Start of Material provided
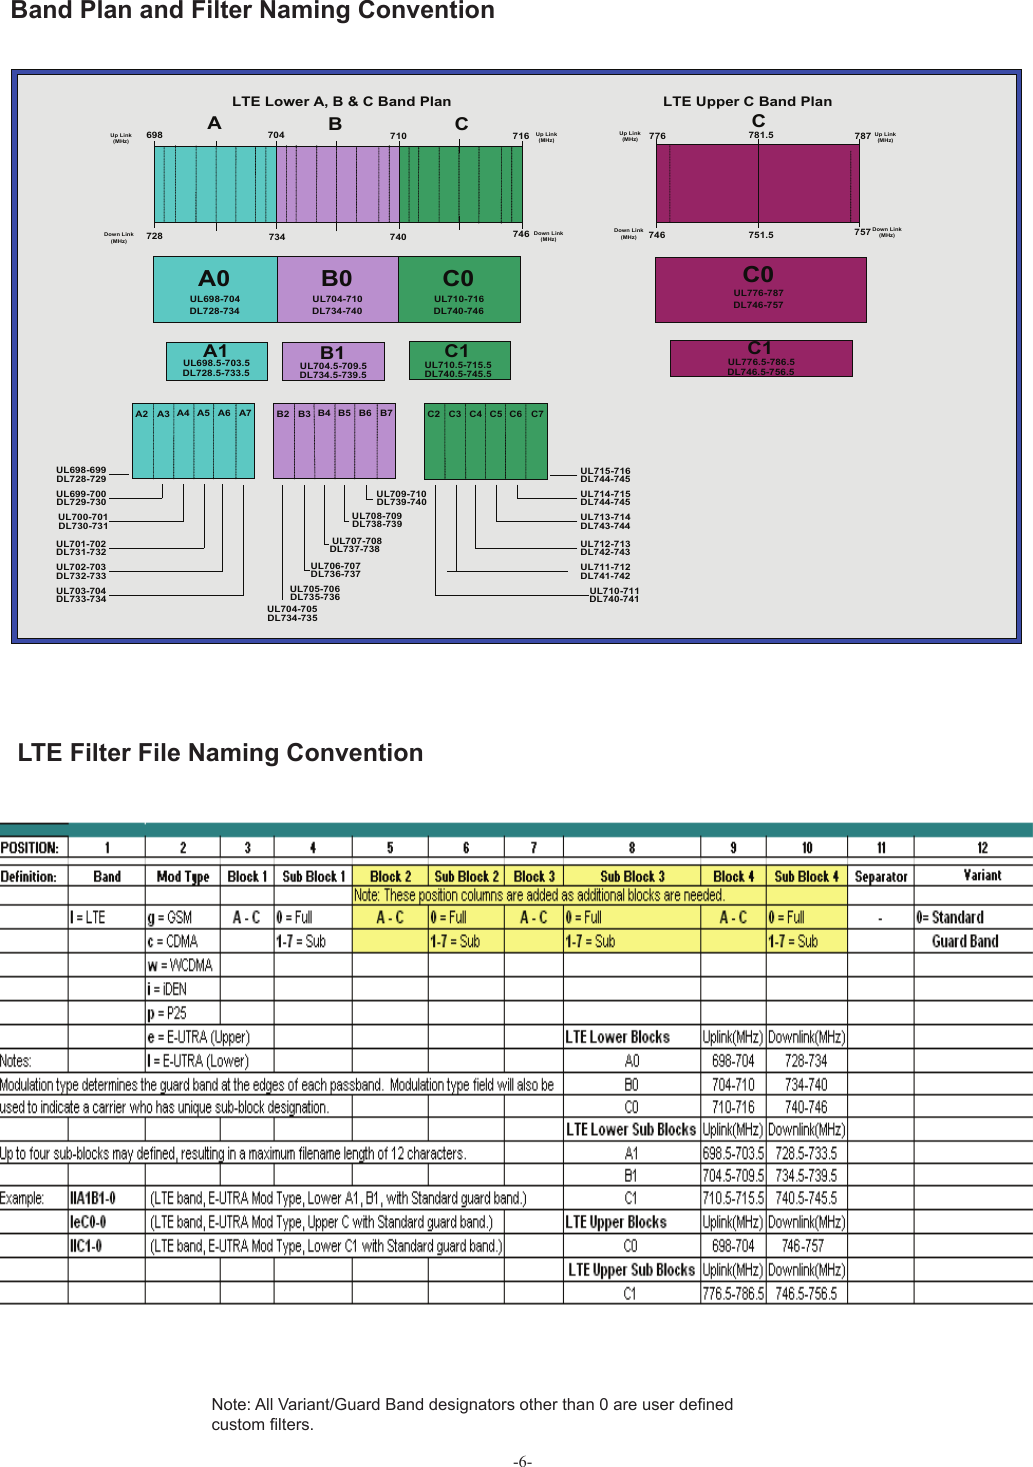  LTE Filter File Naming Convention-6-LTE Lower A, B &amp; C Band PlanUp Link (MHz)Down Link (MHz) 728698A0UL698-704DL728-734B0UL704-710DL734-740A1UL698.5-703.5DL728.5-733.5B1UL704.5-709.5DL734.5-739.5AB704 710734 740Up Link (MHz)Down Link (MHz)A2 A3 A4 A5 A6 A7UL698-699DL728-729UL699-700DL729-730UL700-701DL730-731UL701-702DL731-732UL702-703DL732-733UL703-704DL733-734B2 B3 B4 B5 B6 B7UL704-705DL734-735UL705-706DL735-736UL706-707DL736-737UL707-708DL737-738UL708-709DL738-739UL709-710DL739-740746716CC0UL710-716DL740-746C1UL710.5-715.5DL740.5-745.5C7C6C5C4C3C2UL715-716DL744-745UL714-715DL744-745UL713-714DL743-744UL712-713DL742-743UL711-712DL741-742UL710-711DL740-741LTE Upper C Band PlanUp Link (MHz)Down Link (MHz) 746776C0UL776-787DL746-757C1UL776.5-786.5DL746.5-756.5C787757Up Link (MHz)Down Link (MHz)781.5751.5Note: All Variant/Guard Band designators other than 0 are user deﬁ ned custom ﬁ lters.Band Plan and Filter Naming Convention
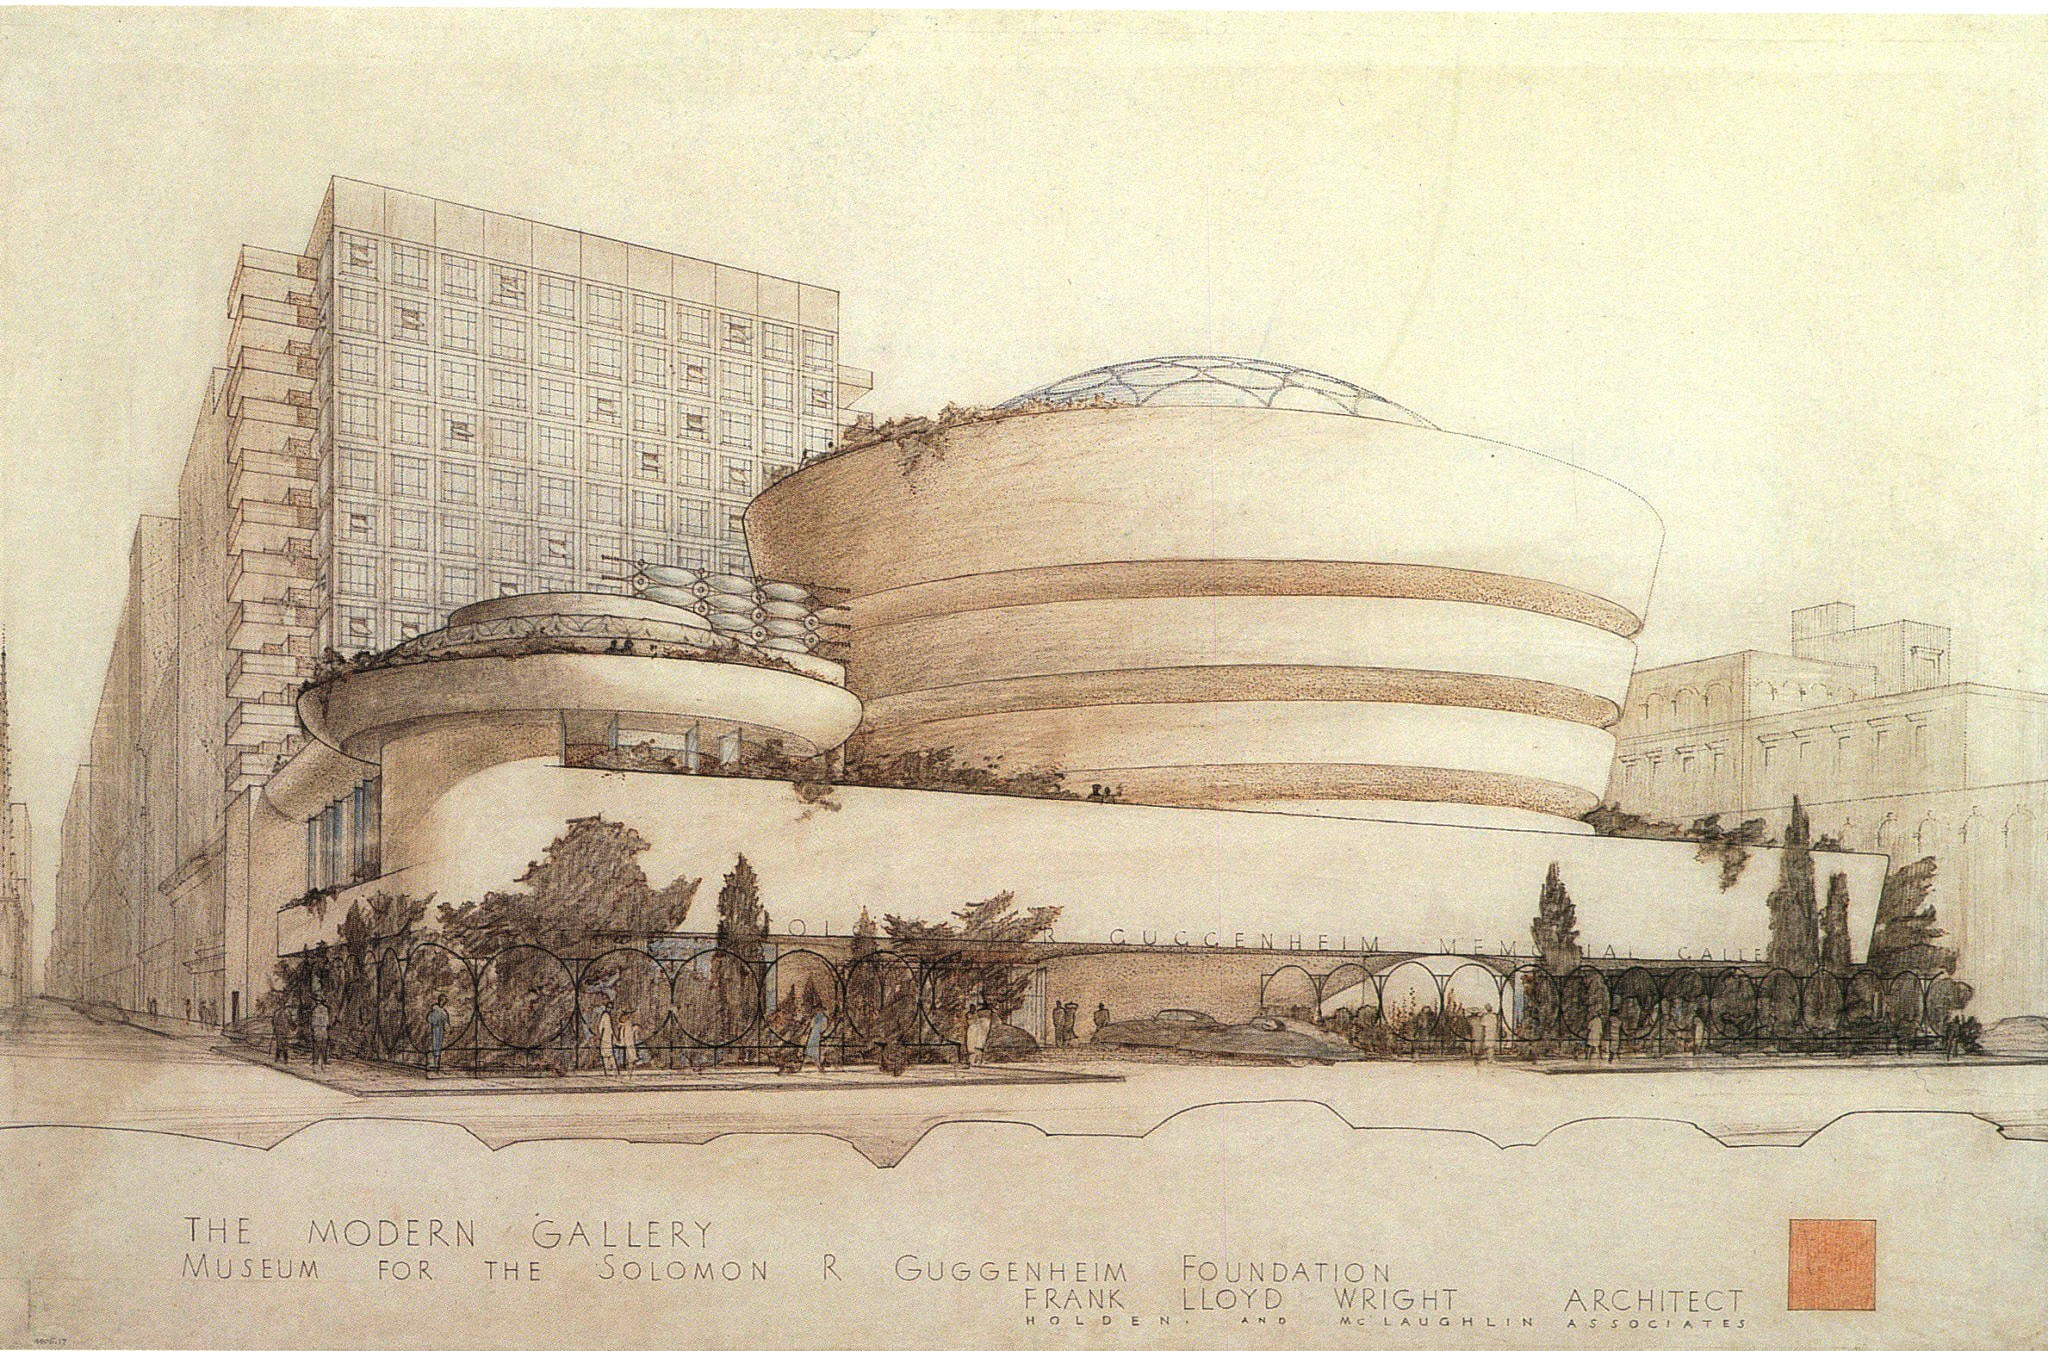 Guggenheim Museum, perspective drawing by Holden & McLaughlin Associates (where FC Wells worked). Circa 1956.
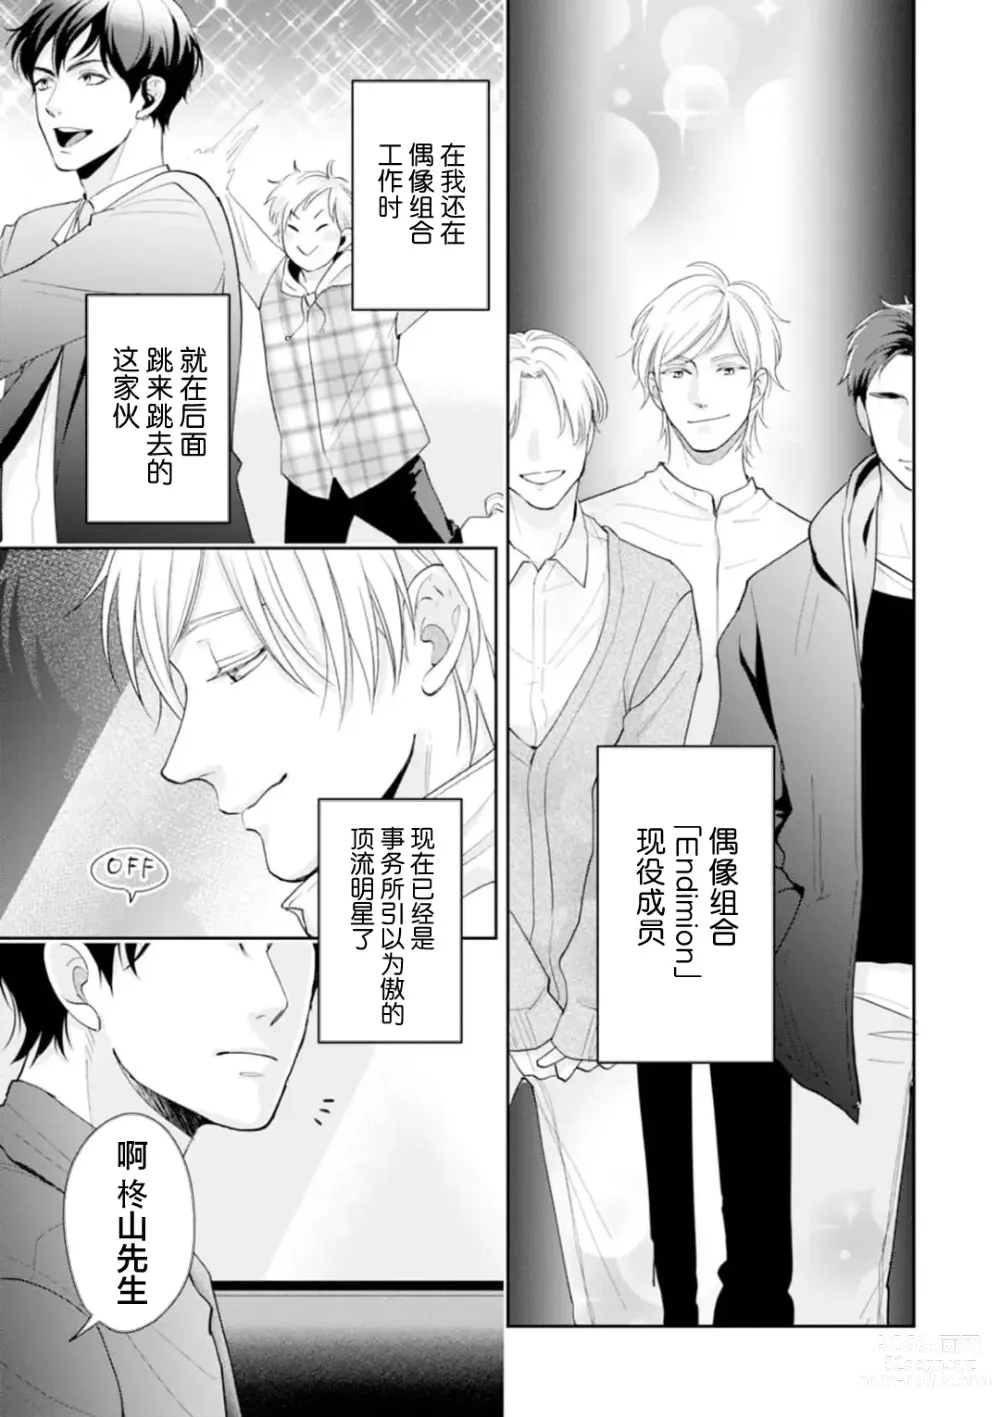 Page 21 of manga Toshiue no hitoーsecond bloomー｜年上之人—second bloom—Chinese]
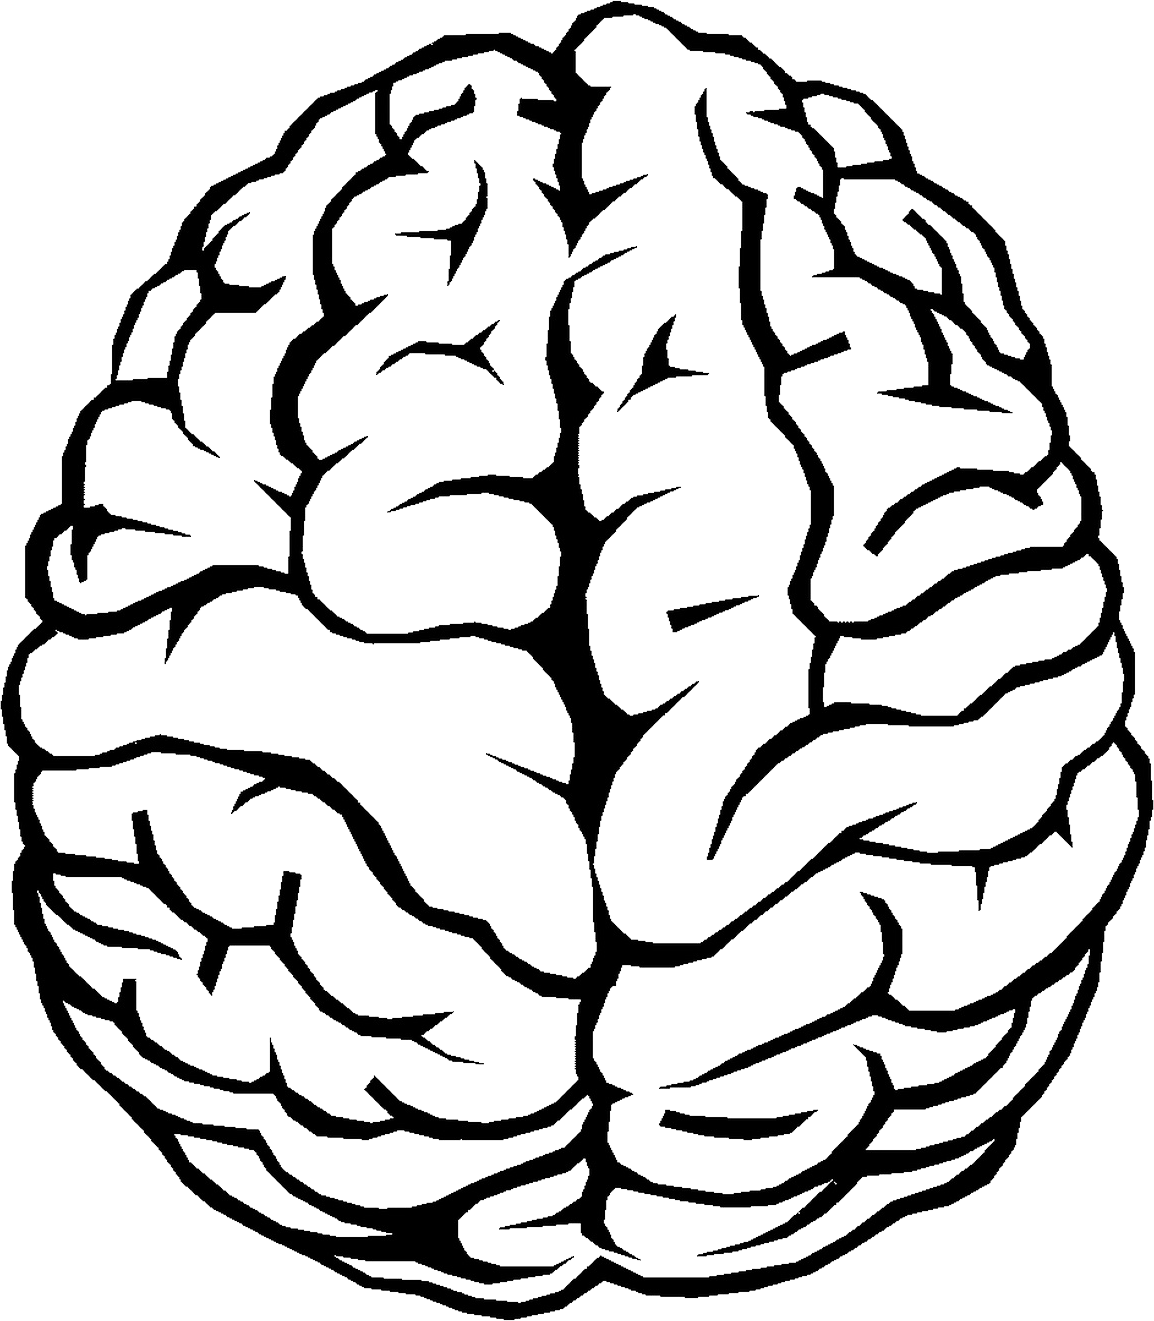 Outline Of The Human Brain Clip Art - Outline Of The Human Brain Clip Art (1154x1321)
End of Material provided
Exercise goal
With the pictures omitted, write out exactly the lines from the one that contains "Page 21 of manga" through the final line of the material above, both ends included.

Answer to the problem
 Page 21 of manga Toshiue no hitoーsecond bloomー｜年上之人—second bloom—Chinese]
 Outline Of The Human Brain Clip Art - Outline Of The Human Brain Clip Art (1154x1321)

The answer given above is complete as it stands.